Is the set of all algorithms computable?

Question

Informally, I am basically asking if there is an algorithm that checks if the input is an algorithm or not.

In Proofs From the Inside Out by John Stillwell, the author sometimes talks about an enumeration for all algorithms $A_1, A_2, ...$ (e.g., section 4.3 page 76). (The author also does that without giving a formal definition of what an algorithm is!) This makes the set of all algorithms computably enumerable (as he is literally listing all algorithms one by one), and so my first instinct was to ask if such set is computable.

Initially I thought yes! But that would mean there is an algorithm $A'$ that checks if something is an algorithm or not. That already seems very weird. Assuming this is fine, we may run into the following issue: $A'$ must itself belong to the set of all algorithms, and so we would have to make $A'$ an input of $A'$. That is also strange, so I thought I come to StackExchange for some help.

Answer 1

This depends on the definition of "algorithms". If as stated informally in Wikipedia (often used in introductory algorithm courses),

Starting from an initial state and initial input (perhaps empty),the instructions describe a computation that, when executed, proceeds through a finite number of well-defined successive states, eventually producing "output" and terminating at a final ending state.

Then the answer is definitely no, because an algorithm that determines whether an input is an algorithm as above would be able to solve the halting problem.

However, if the definition of algorithms are essentially partial recursive functions, then definitely yes. To give a "proof", "algorithms" can be defined as well-formed C++ programs, then a C++ compiler (with minimal change to produce a boolean output instead of machine code and error messages) is an algorithm to determine whether an input text is an algorithm. Note that we can write a C++ compiler in C++, so the "C++ compiler" could be understood as a well-formed C++ program which is by our definition an algorithm.

As $A'$ can be made an input of $A'$, there is no surprise at all. If you write down a program $P$ that takes a string and returns a string with all empty spaces deleted, you can enter $P$ itself into $P$. This kind of self-reference (and more subtle ones) is frequently used in TCS, such as to show the halting problem is undecidable.

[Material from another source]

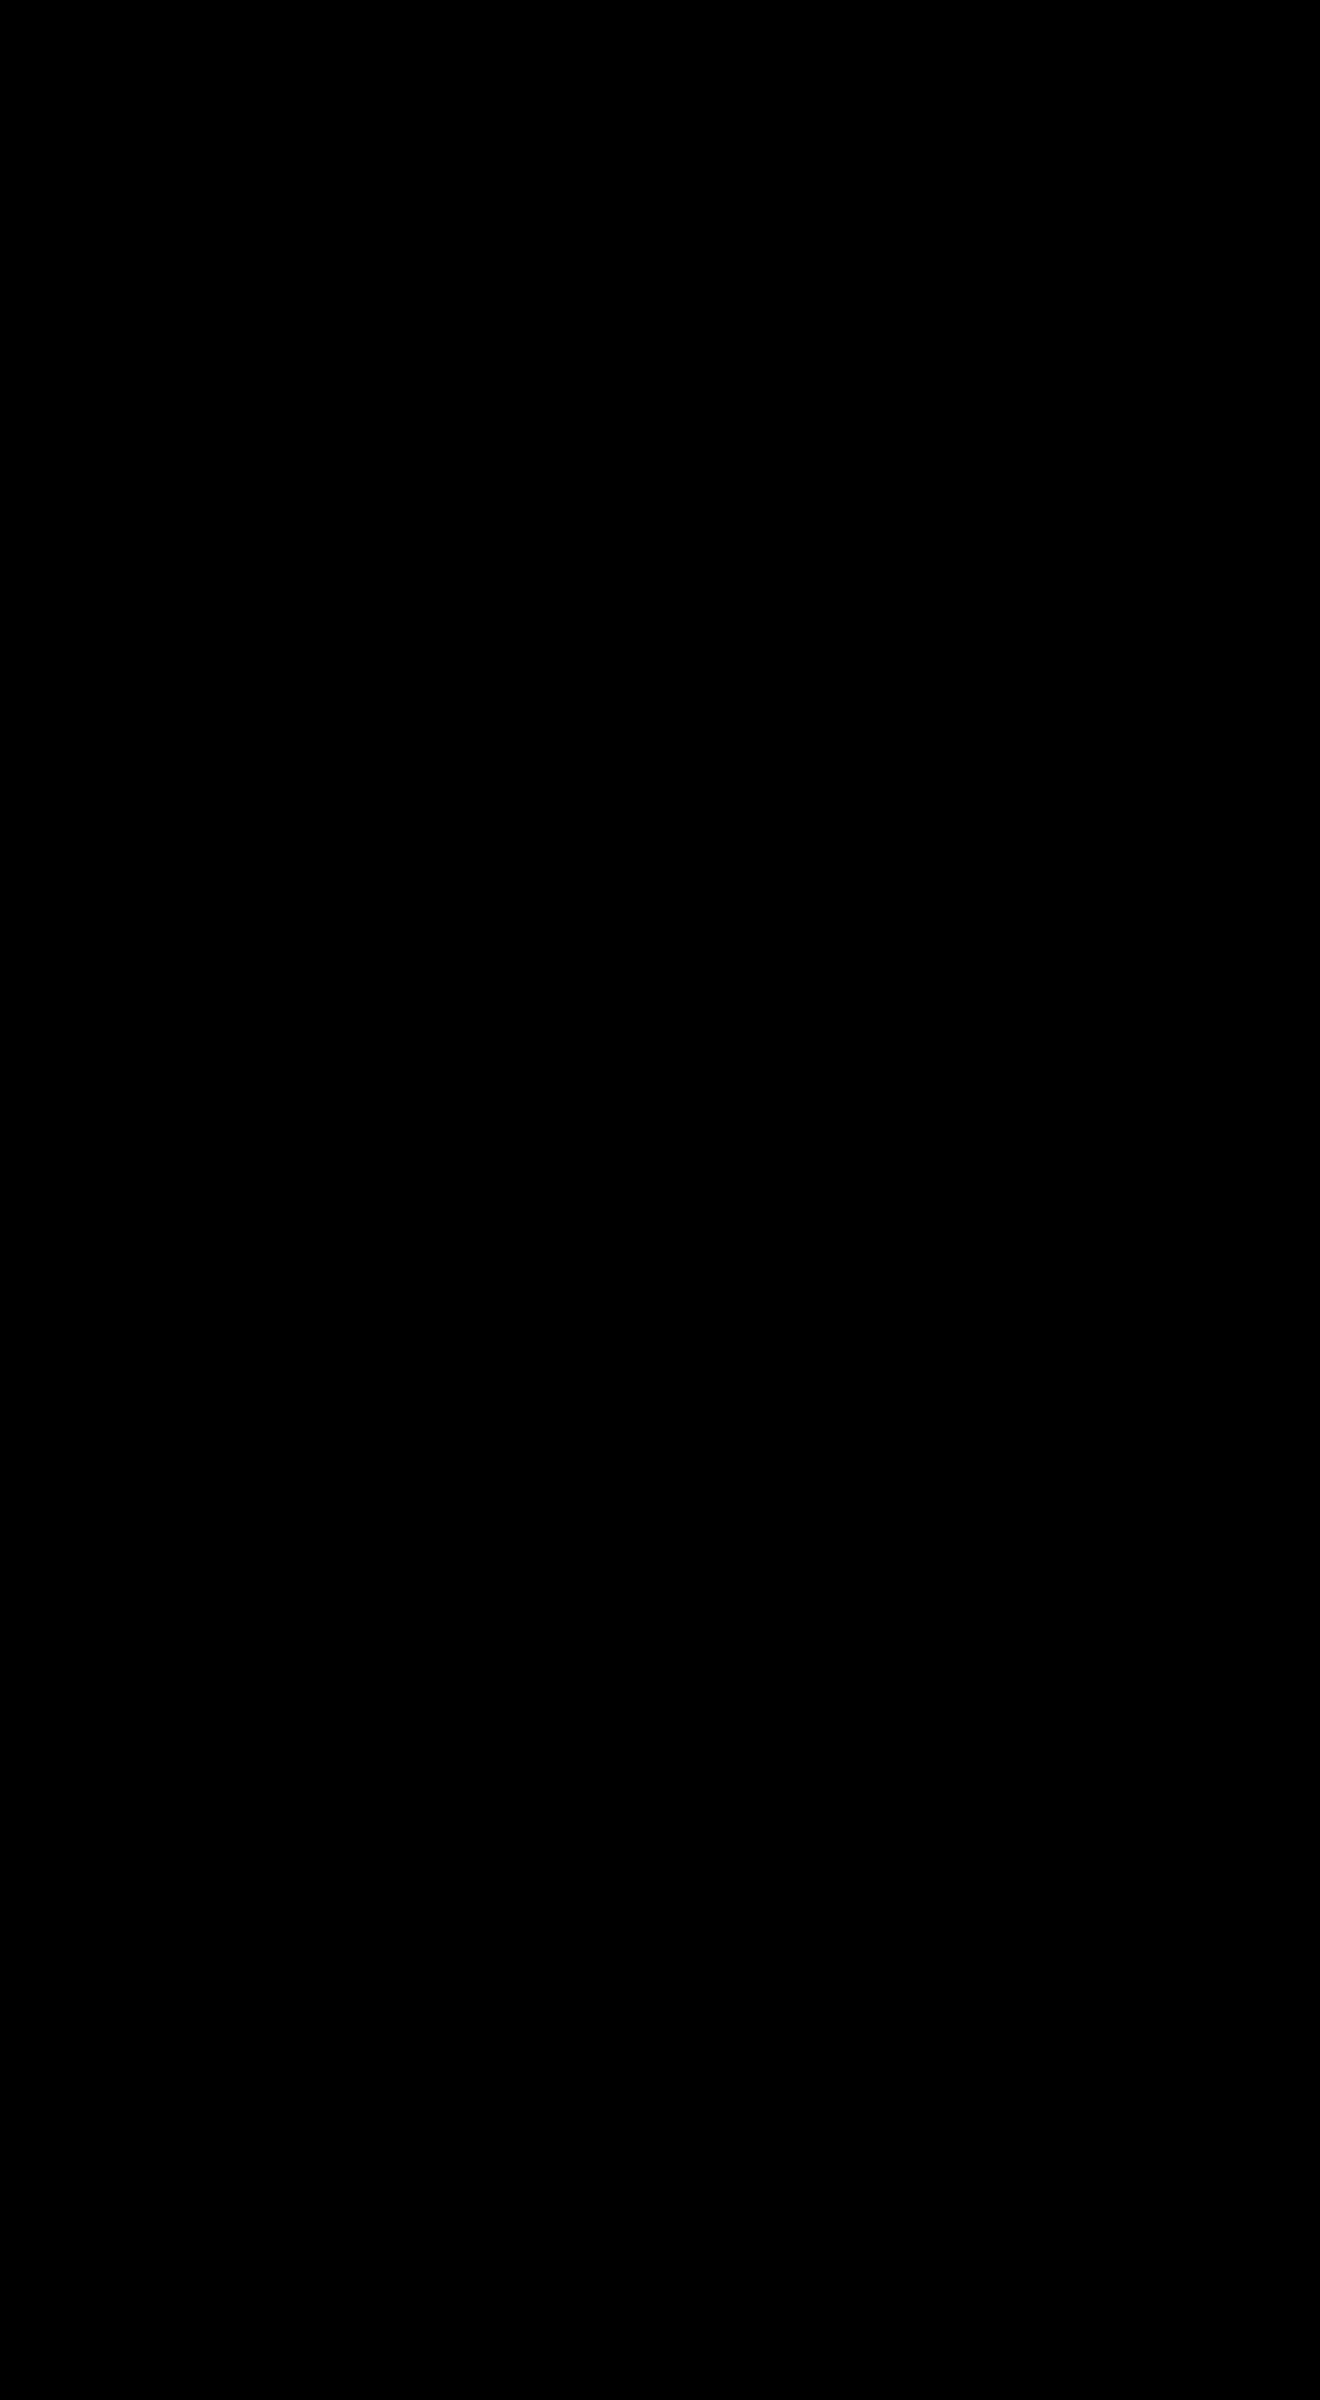 People Running Silhouette at GetDrawings.com | Free for personal use ... for people running silhouette png  lp4eri

If it makes you more comfortable, the execution of an algorithm (which might be understood as a physical process involving hardware) is different from an algorithm (a text).

For more fun, it was a famous challenge to write down a program that prints itself.

Answer 2

Following Turing’s insights and suggestions, it is reasonable to define an algorithm as a finite set of instructions as expressed using some finite expression (string) of some language with an enumerable alphabet. Since the set of all finite strings of an enumerable language is enumerable itself, it follows that the set of all algorithms as expressed by that language is enumerable.

Notice that this does not require that you can tell, given any expression from that language, whether that describes an algorithm or not. That depends on the exact definition of an algorithm as expressed in that language. In most practical cases, though, you can. For example, it’s straightforward to decide whether some string of symbols is a program in accordance to some specific programming language.